[GIVEN MATERIAL]
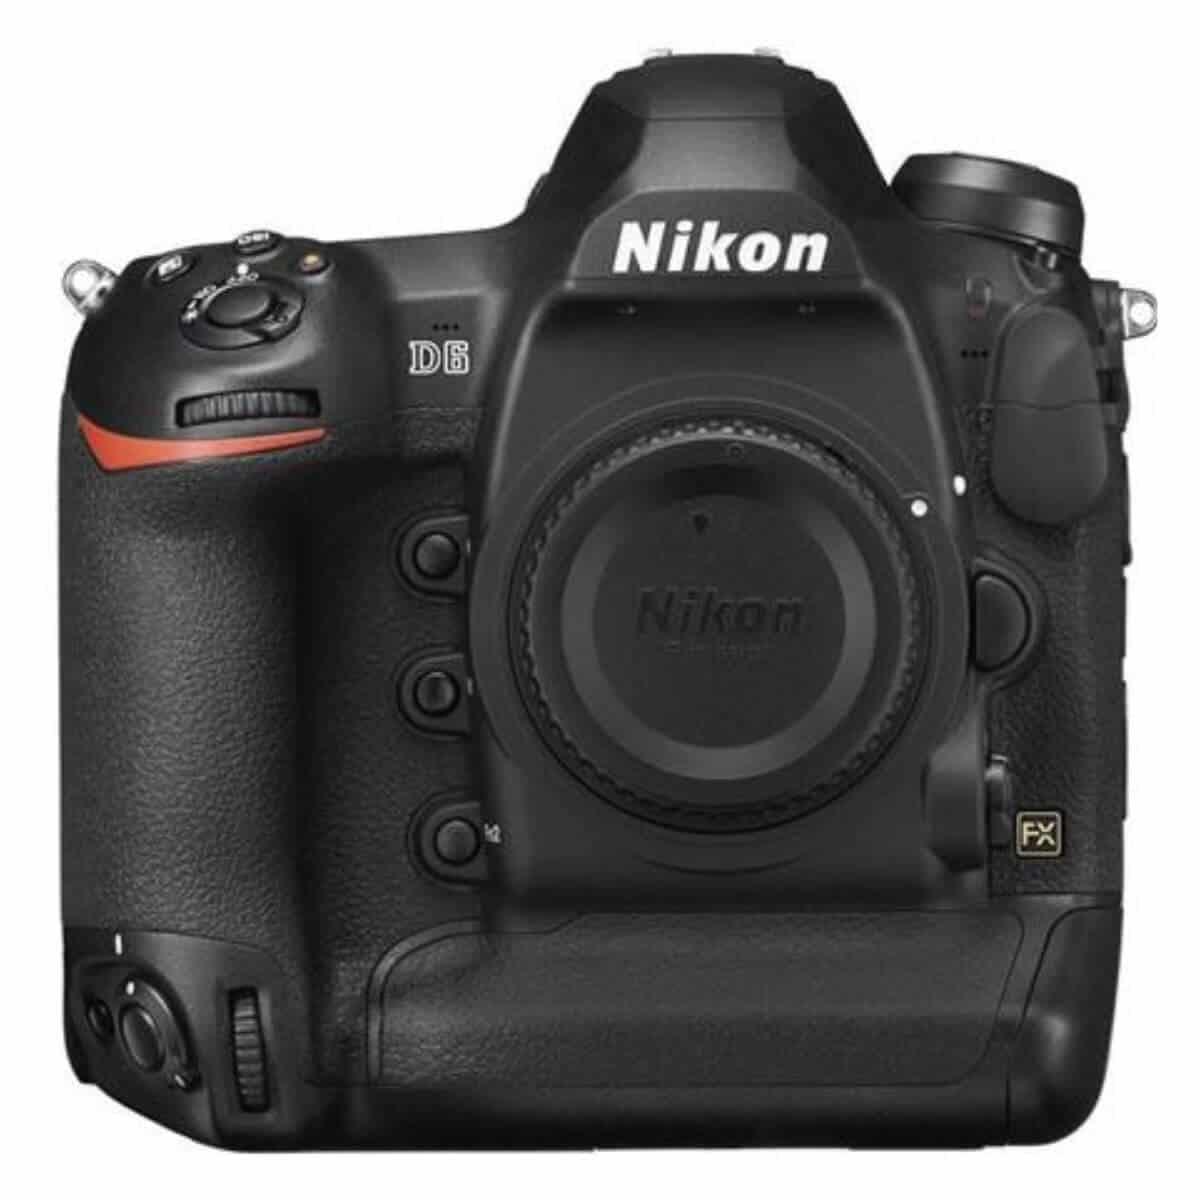 Nikon D6 camera without the lens.
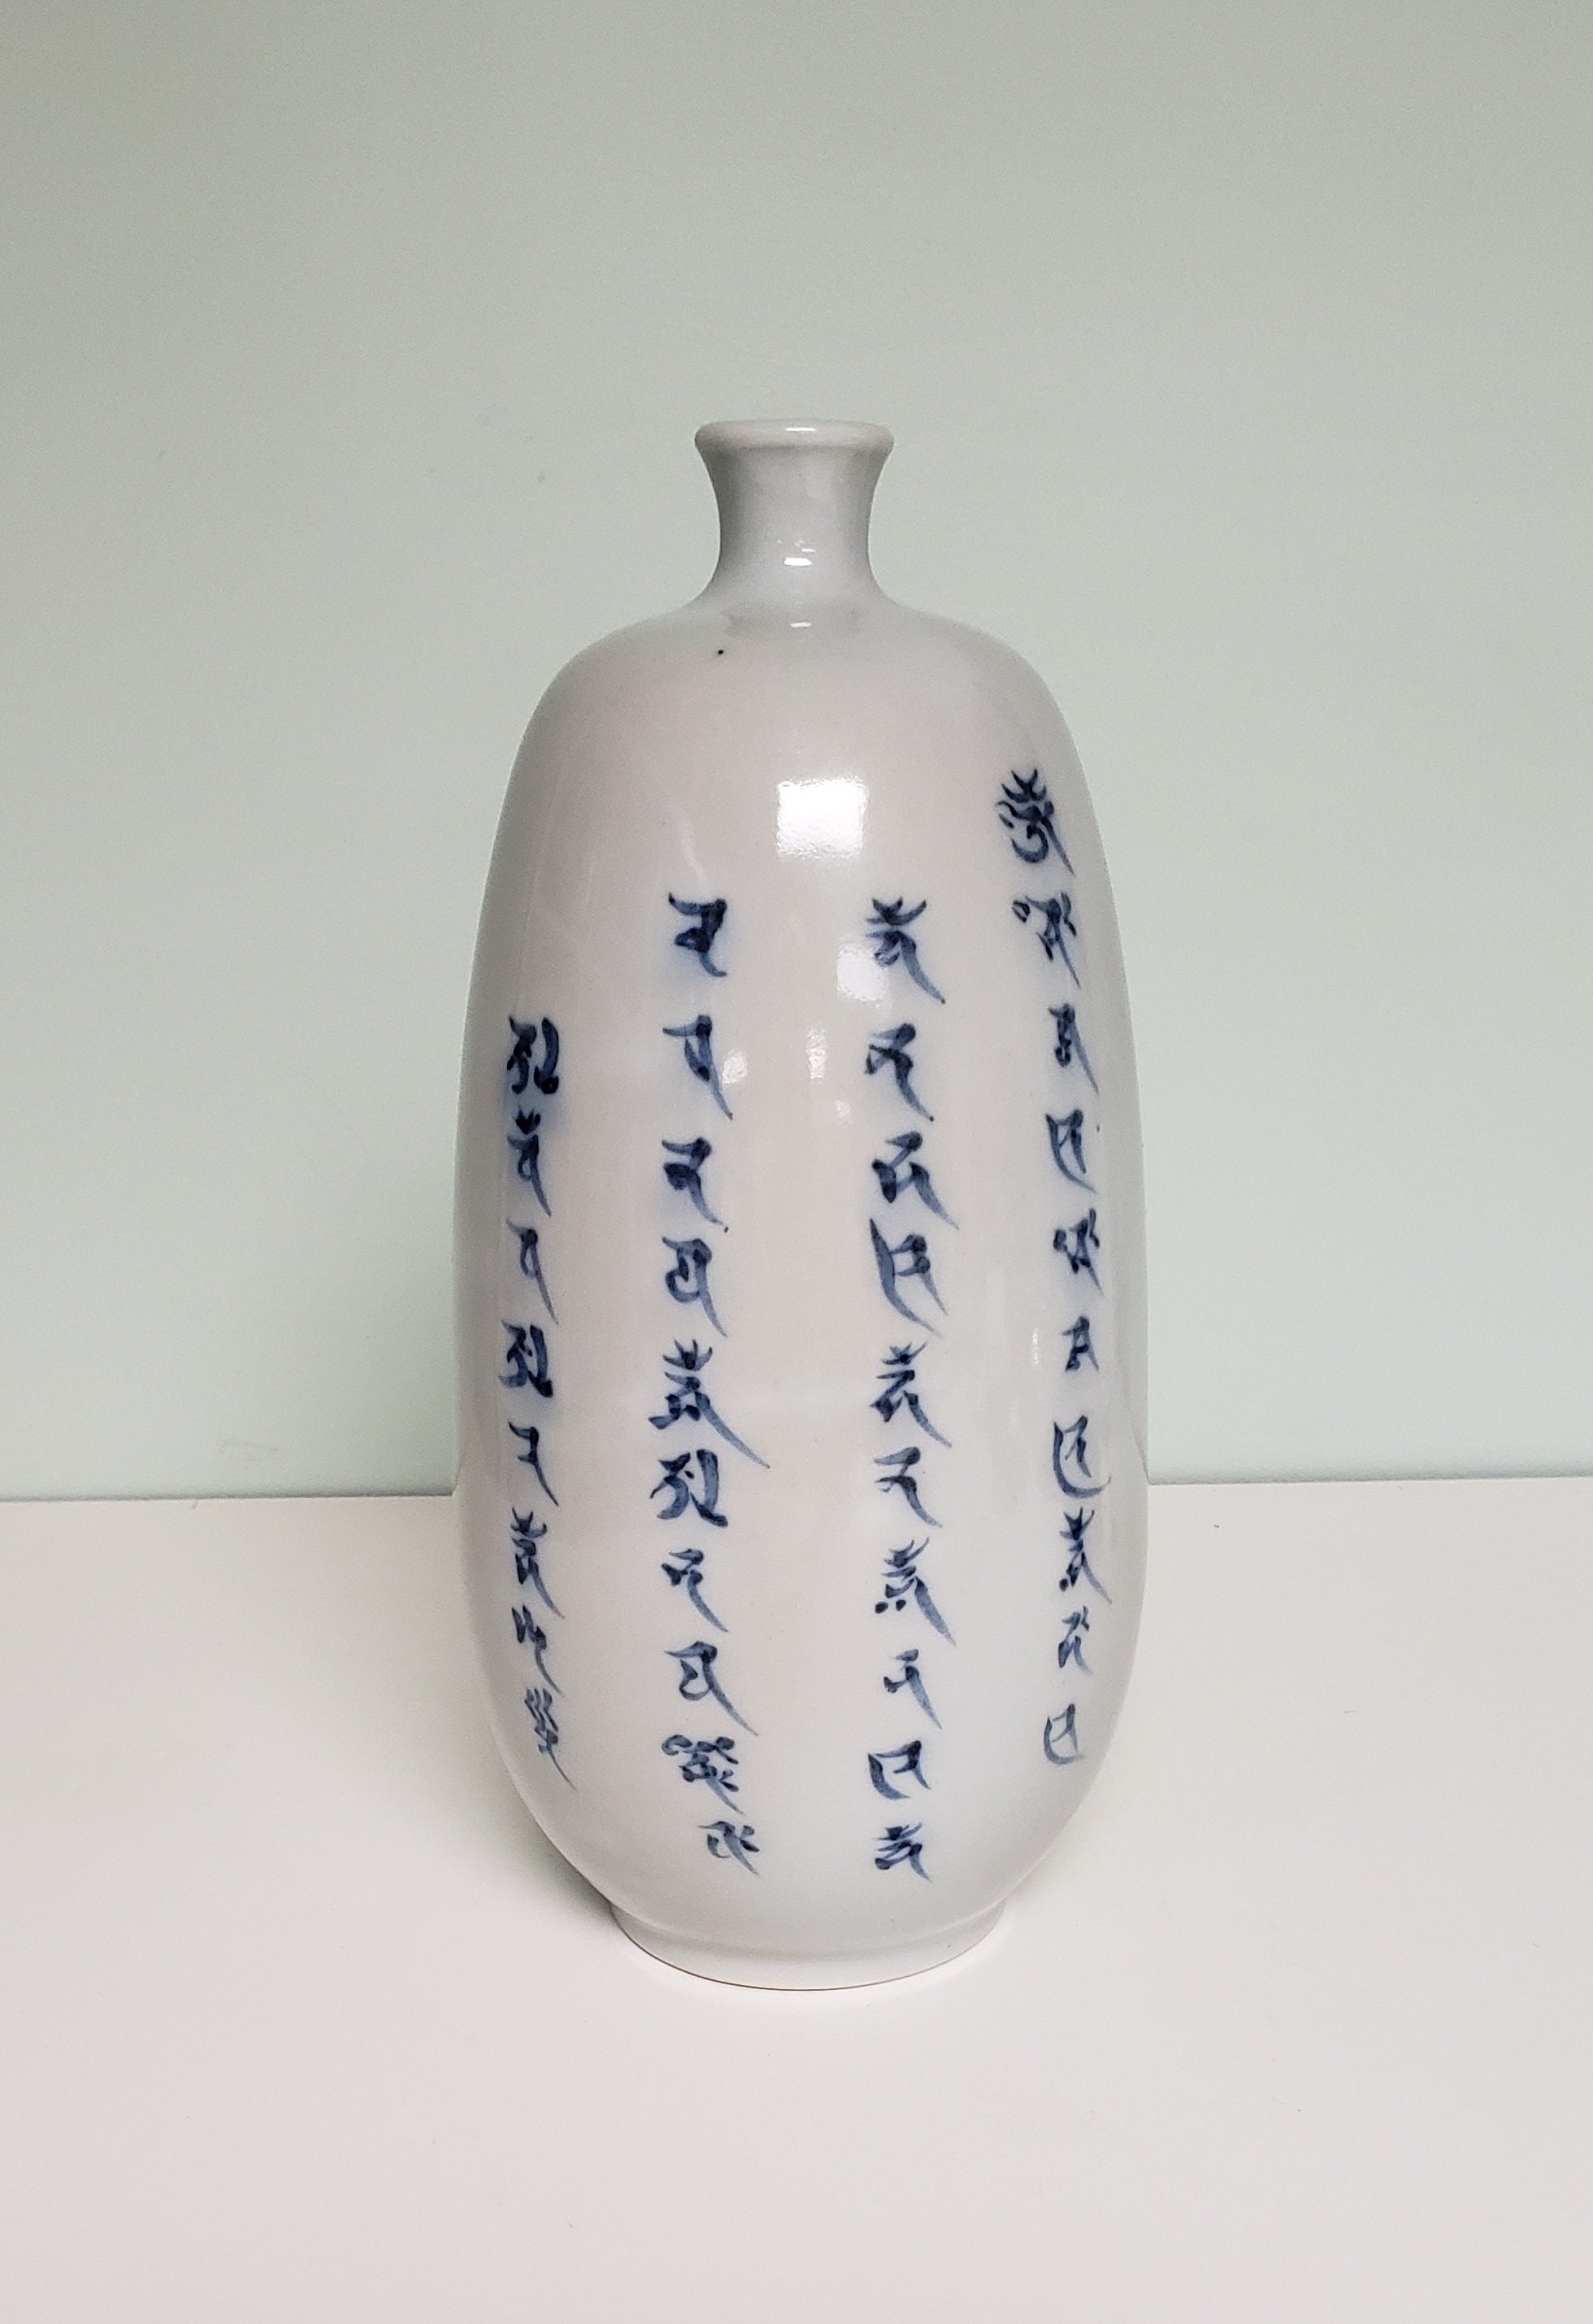 Saké japonais de la fabrication - Chine Saké, 500ml
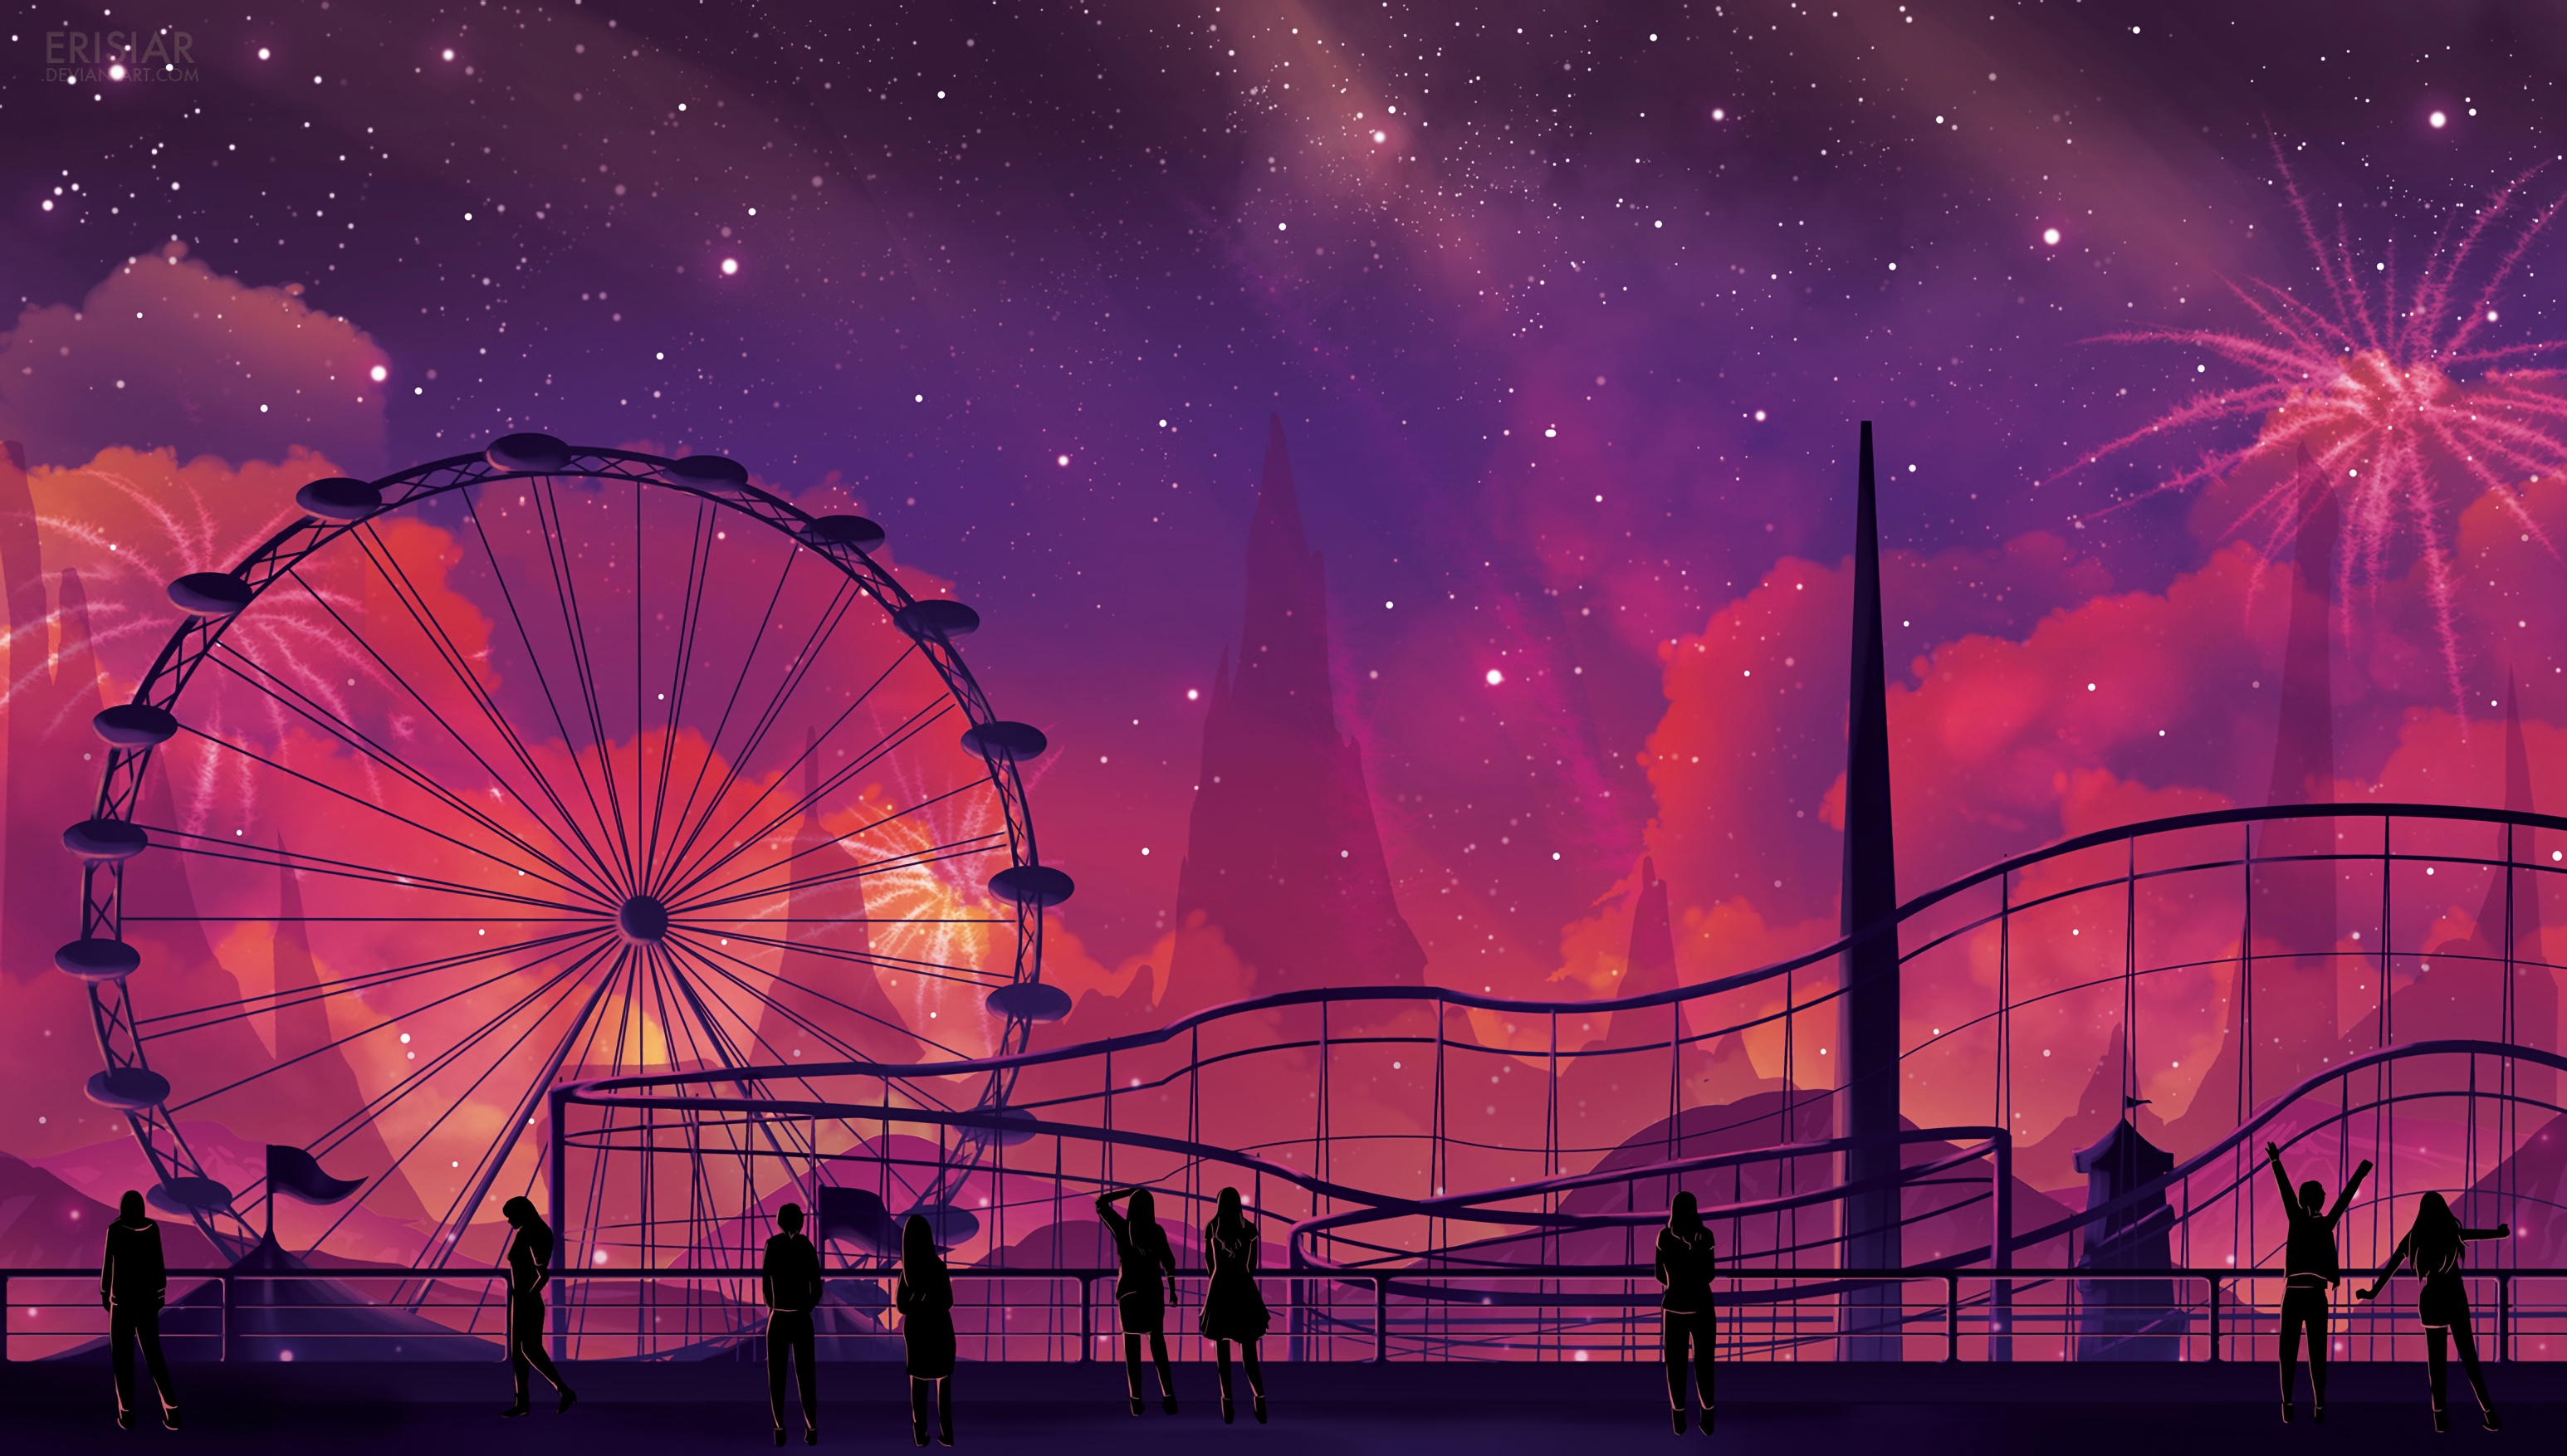 man made, amusement park, night, people, starry sky, amusement parks

[WORK TASK] Without any pictures, return the material above exactly.

[ANSWER FOR THIS EXERCISE]
 Nikon D6 camera without the lens.
 Saké japonais de la fabrication - Chine Saké, 500ml
 man made, amusement park, night, people, starry sky, amusement parks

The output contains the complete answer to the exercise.